• **WHAT THE TASK ASKS**
Extract verbatim every line from the one containing "Ashford Designer Outlet" to the final line of the records below, inclusive, and exclude all pictures.

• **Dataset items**
● ● ● ● ● ● ●
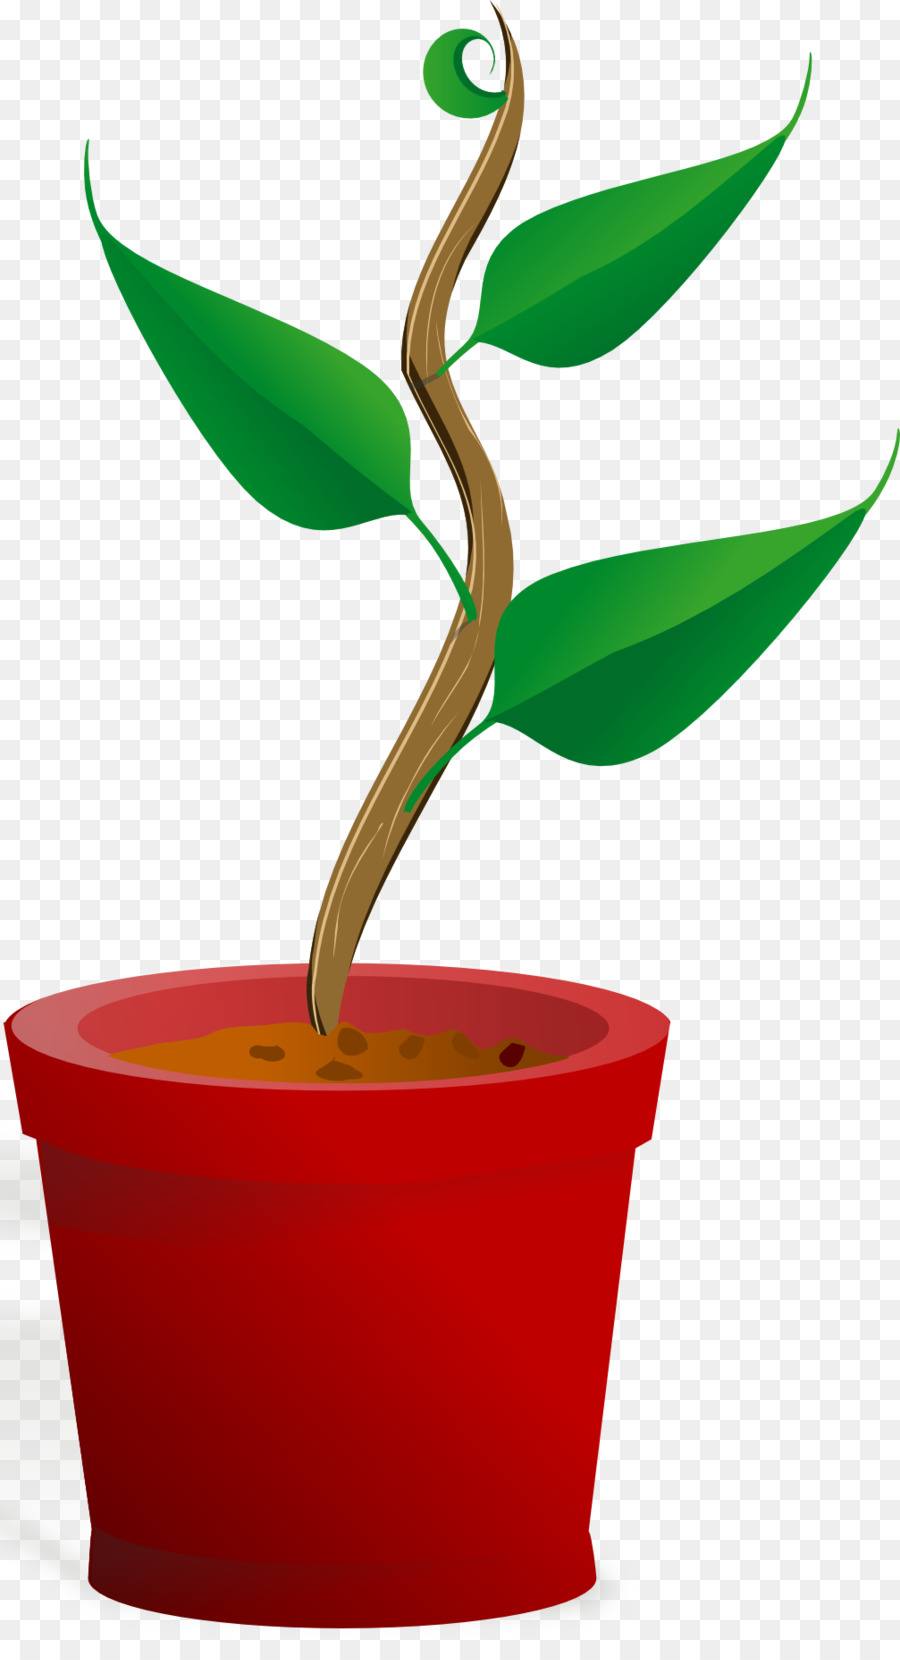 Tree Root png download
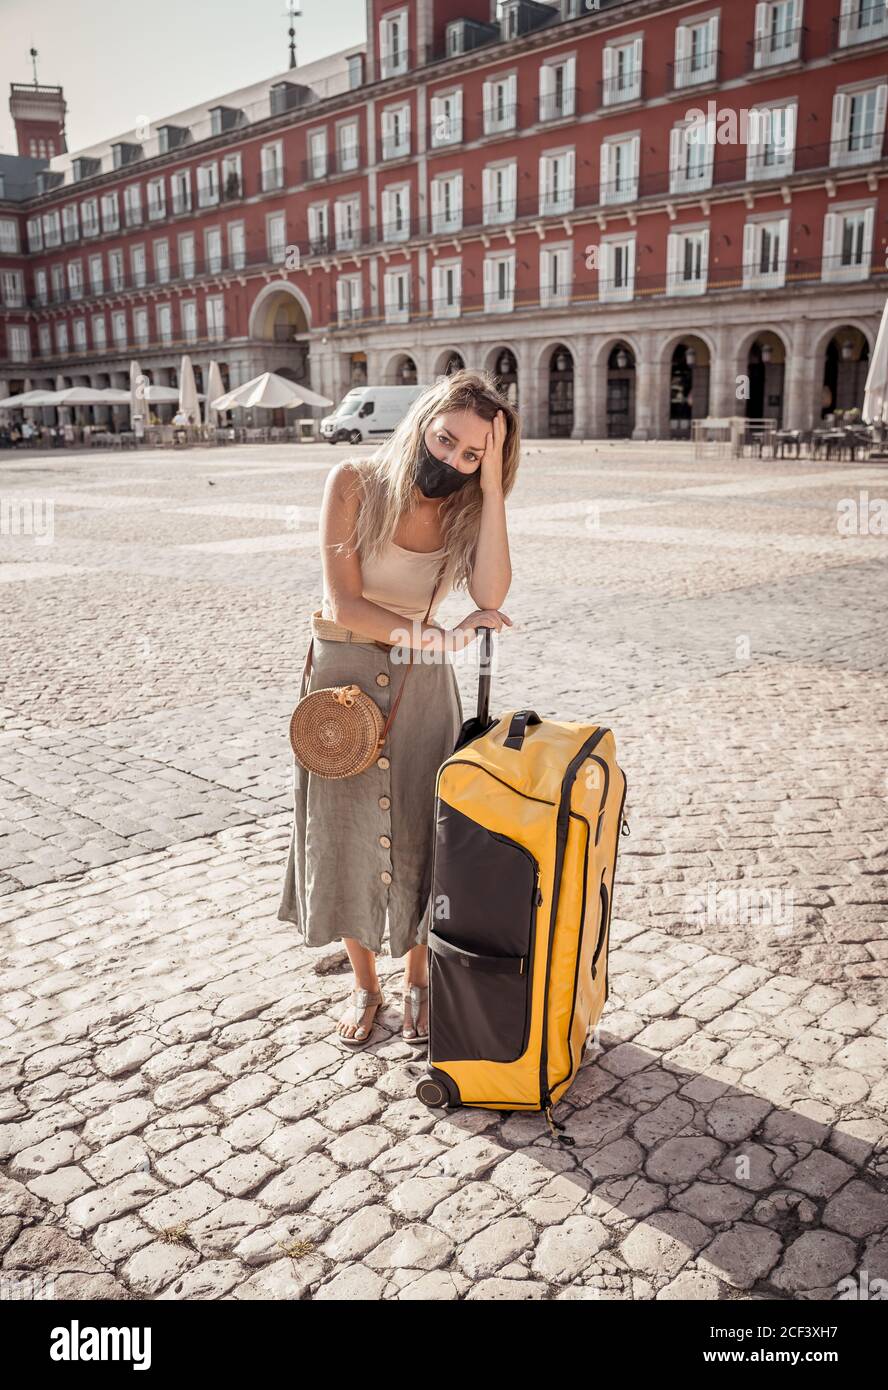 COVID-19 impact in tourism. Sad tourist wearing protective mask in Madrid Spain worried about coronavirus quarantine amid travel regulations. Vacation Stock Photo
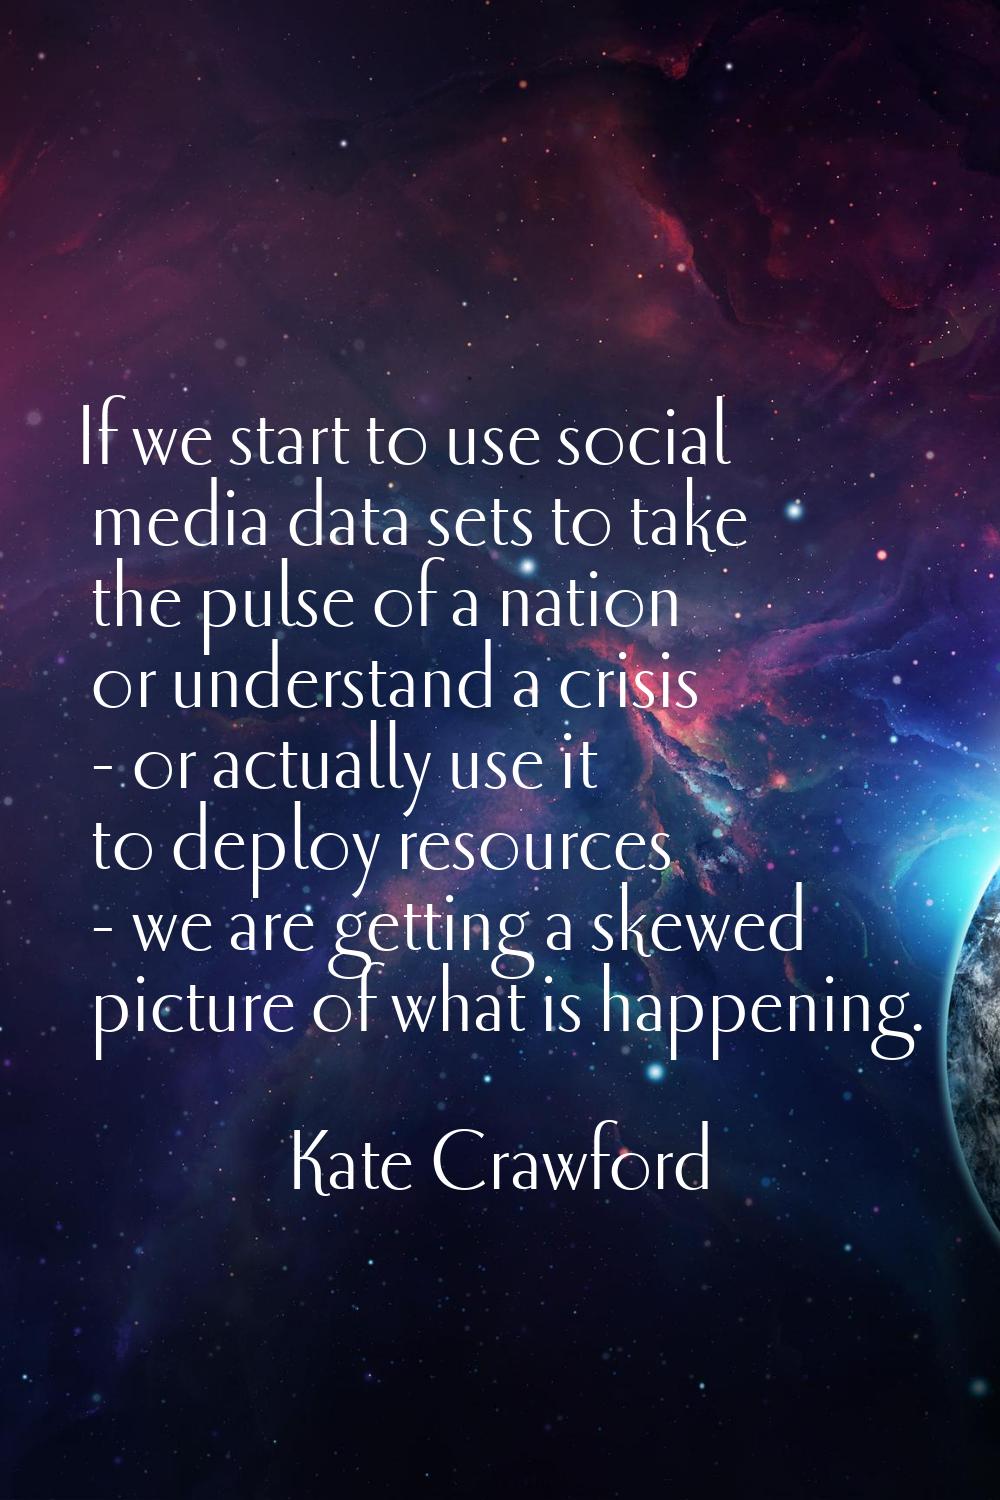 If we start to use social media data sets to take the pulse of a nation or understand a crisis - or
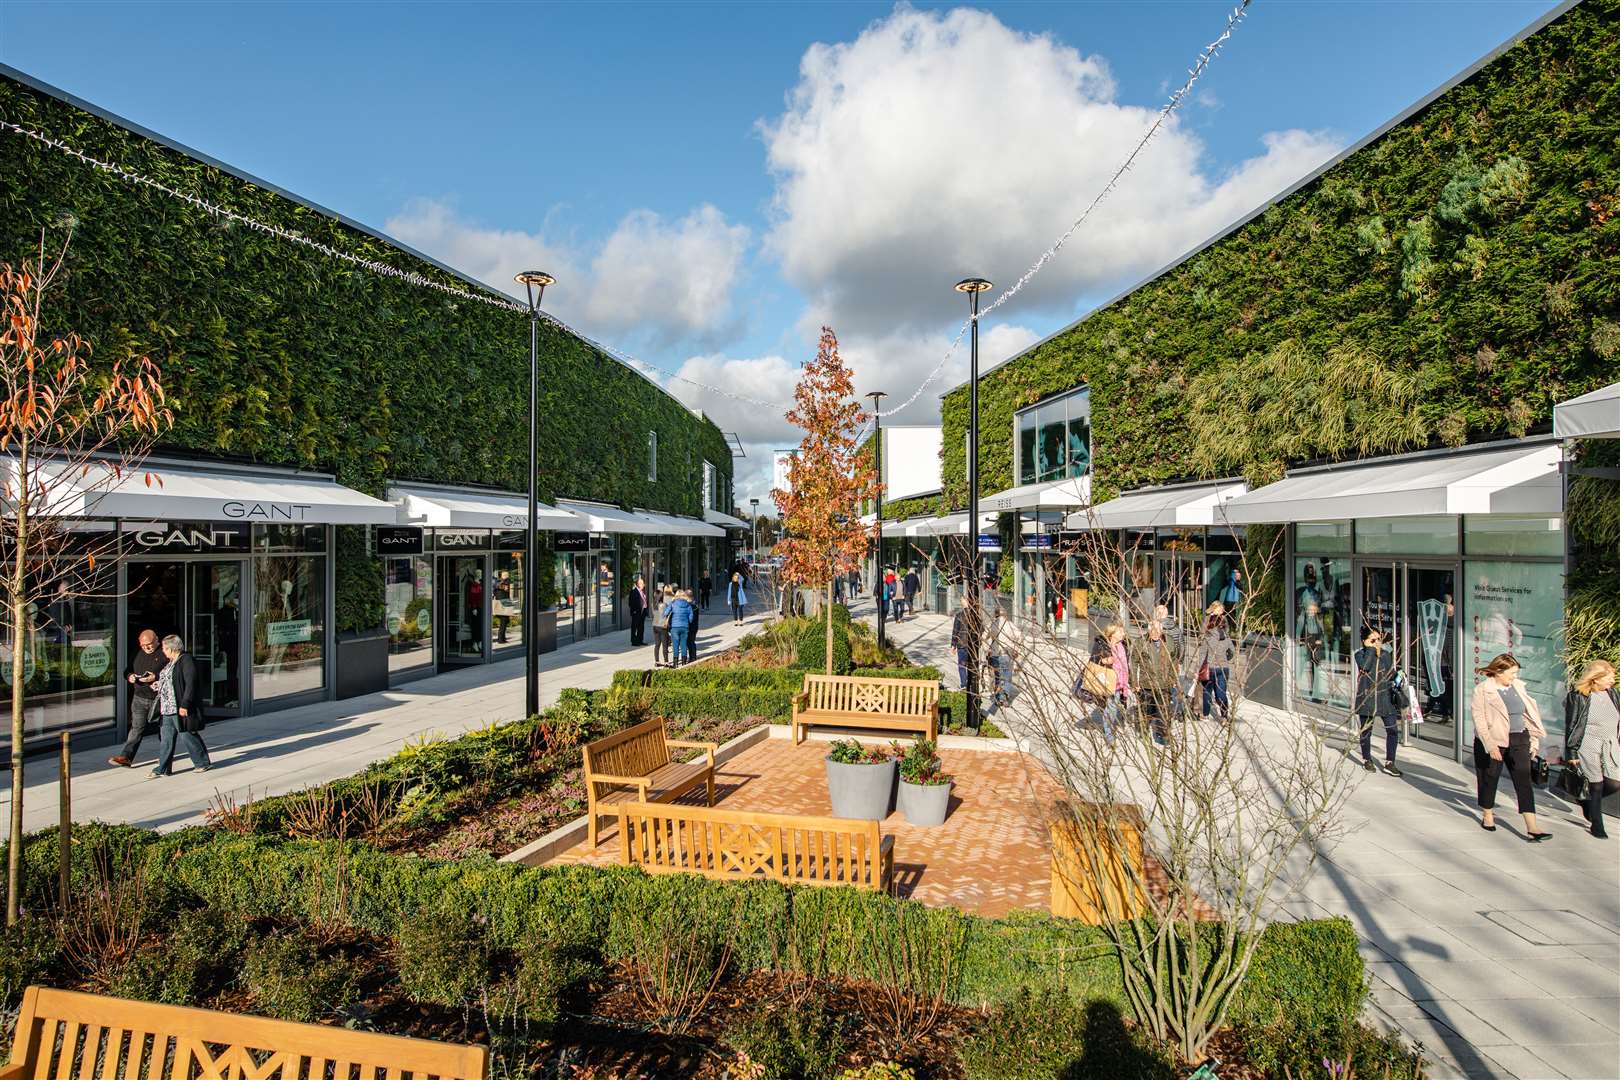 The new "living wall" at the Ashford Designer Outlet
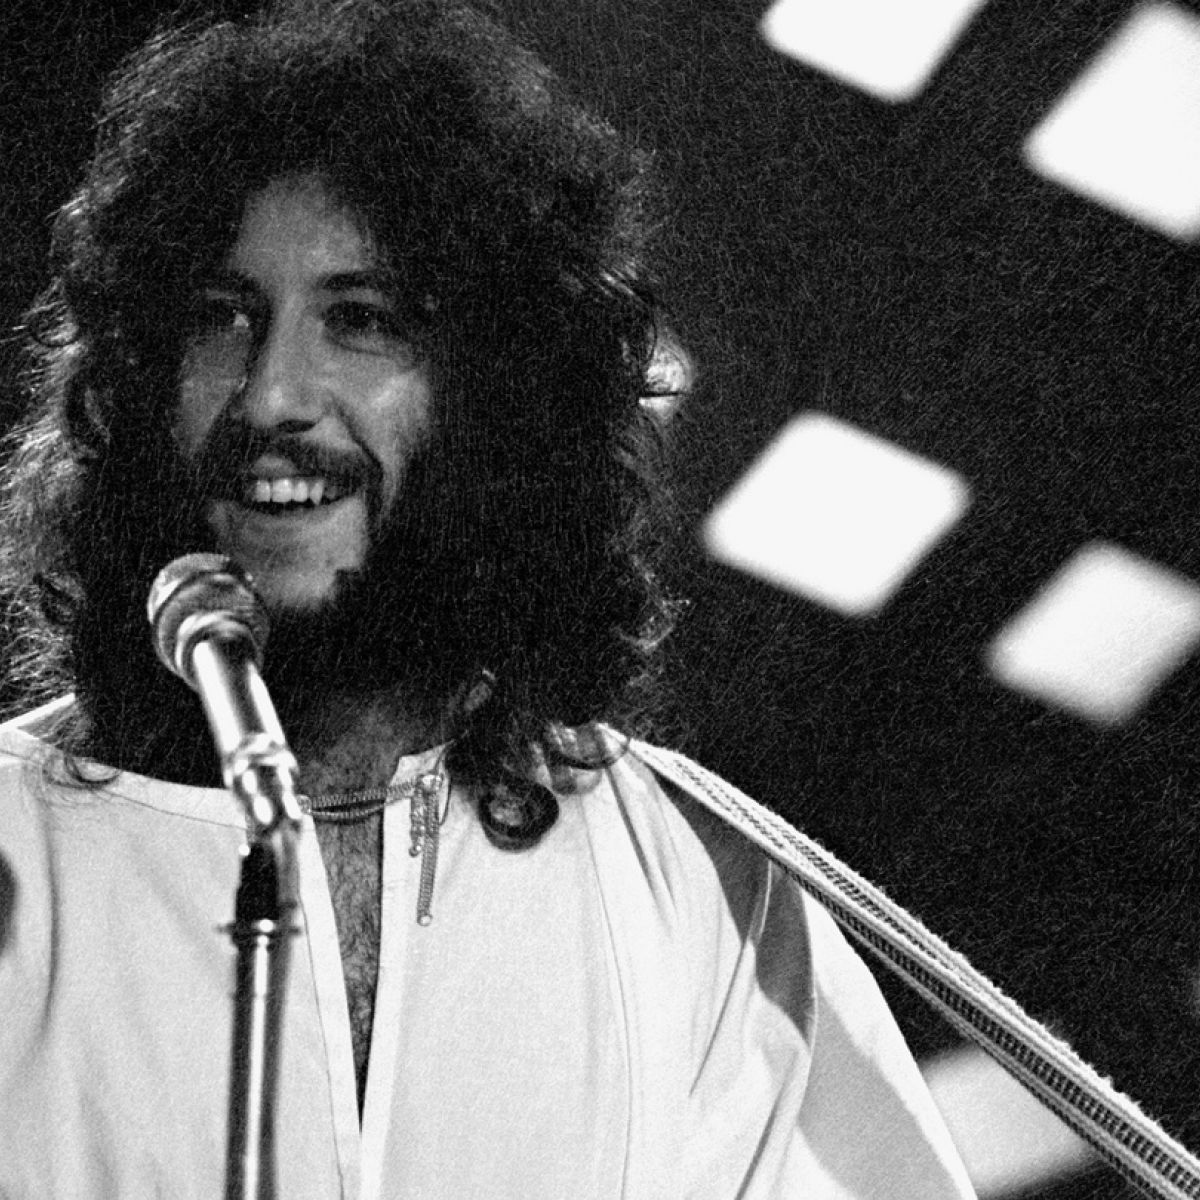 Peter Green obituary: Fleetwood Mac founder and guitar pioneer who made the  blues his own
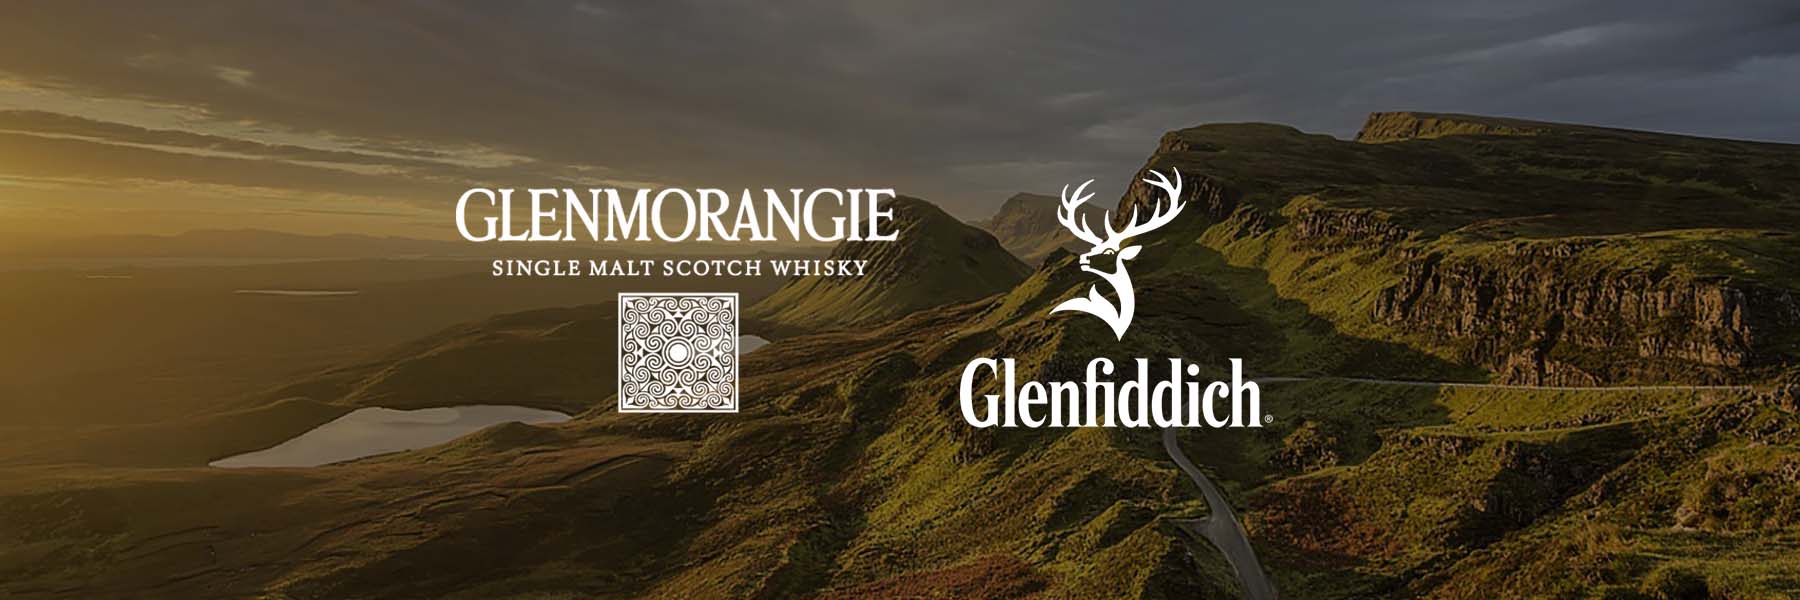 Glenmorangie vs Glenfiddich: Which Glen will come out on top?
● ● ● ● ● ● ●
• **YOUR RESPONSE**
 The new "living wall" at the Ashford Designer Outlet
 Peter Green obituary: Fleetwood Mac founder and guitar pioneer who made the  blues his own
 Glenmorangie vs Glenfiddich: Which Glen will come out on top?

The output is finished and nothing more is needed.